5. 3. 5 肌皮瓣供區存在軟組織缺損,局部薄弱,有并發腹壁疝可能,建議應用聚丙烯外科絲網修補腹直肌區域。在用聚丙烯外科絲網修補腹直肌區域時要注意腹壁兩側張力的對稱性,避免由于張力不均遠期發生腹壁疝[6]。

參考文獻

[1] 邢新,主編.皮瓣移植實例彩色圖譜.沈陽:遼寧科學技術出版社,2004:146.

[2]段坤昌,柏樹令,李慶生,主編. 皮瓣手術入路彩色圖譜.沈陽:遼寧科學技術出版社,2003:181~182.

[3] 張應天,主編.外科學總論和普通外科學.北京:中國醫藥科技出版社,1999:159.
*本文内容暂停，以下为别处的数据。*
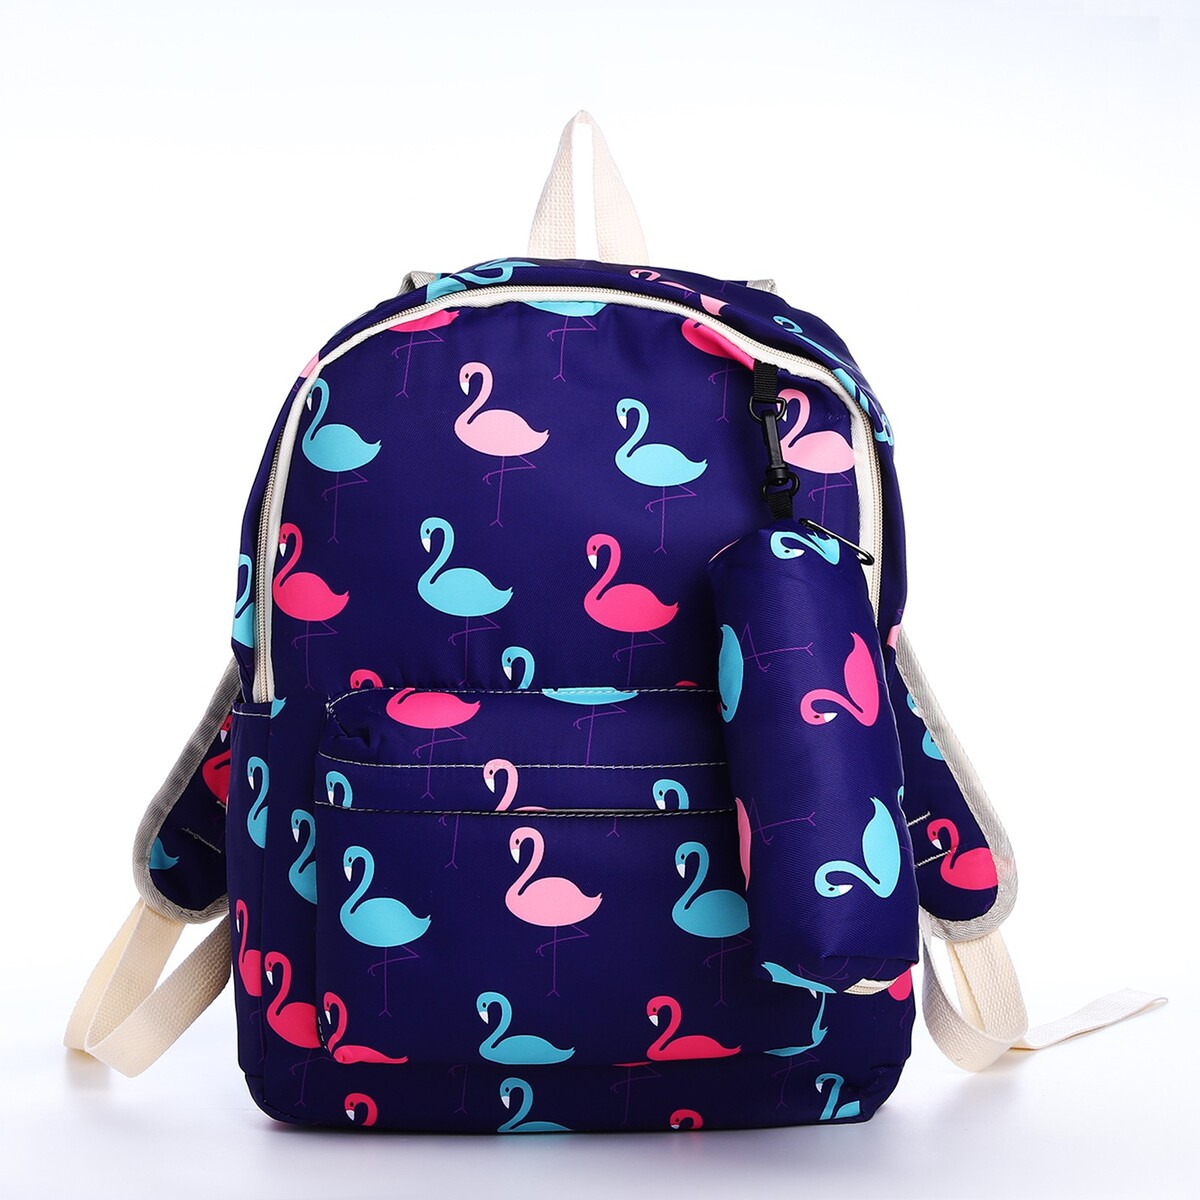 Рюкзак школьный из текстиля на молнии, 3 кармана, пенал, цвет фиолетовый рюкзак rafl панды фиолетовый

[4] 高景恒,主編.美容外科學.北京:北京科學科技出版社,2003:580.

[5]亓發芝,主編.乳房整形再造外科.北京:人民衛生出版社,2001:100.

[6]劉堅,林乃弓,封光華.帶蒂橫行腹直肌皮瓣轉移即刻乳房重建術10例報告.中華普通外科雜志,2009,24:310~312

[7]李三榮.橫行腹直肌肌皮瓣在31例乳房再造中的應用體會.中國醫師進修雜志,2011,34:41~42.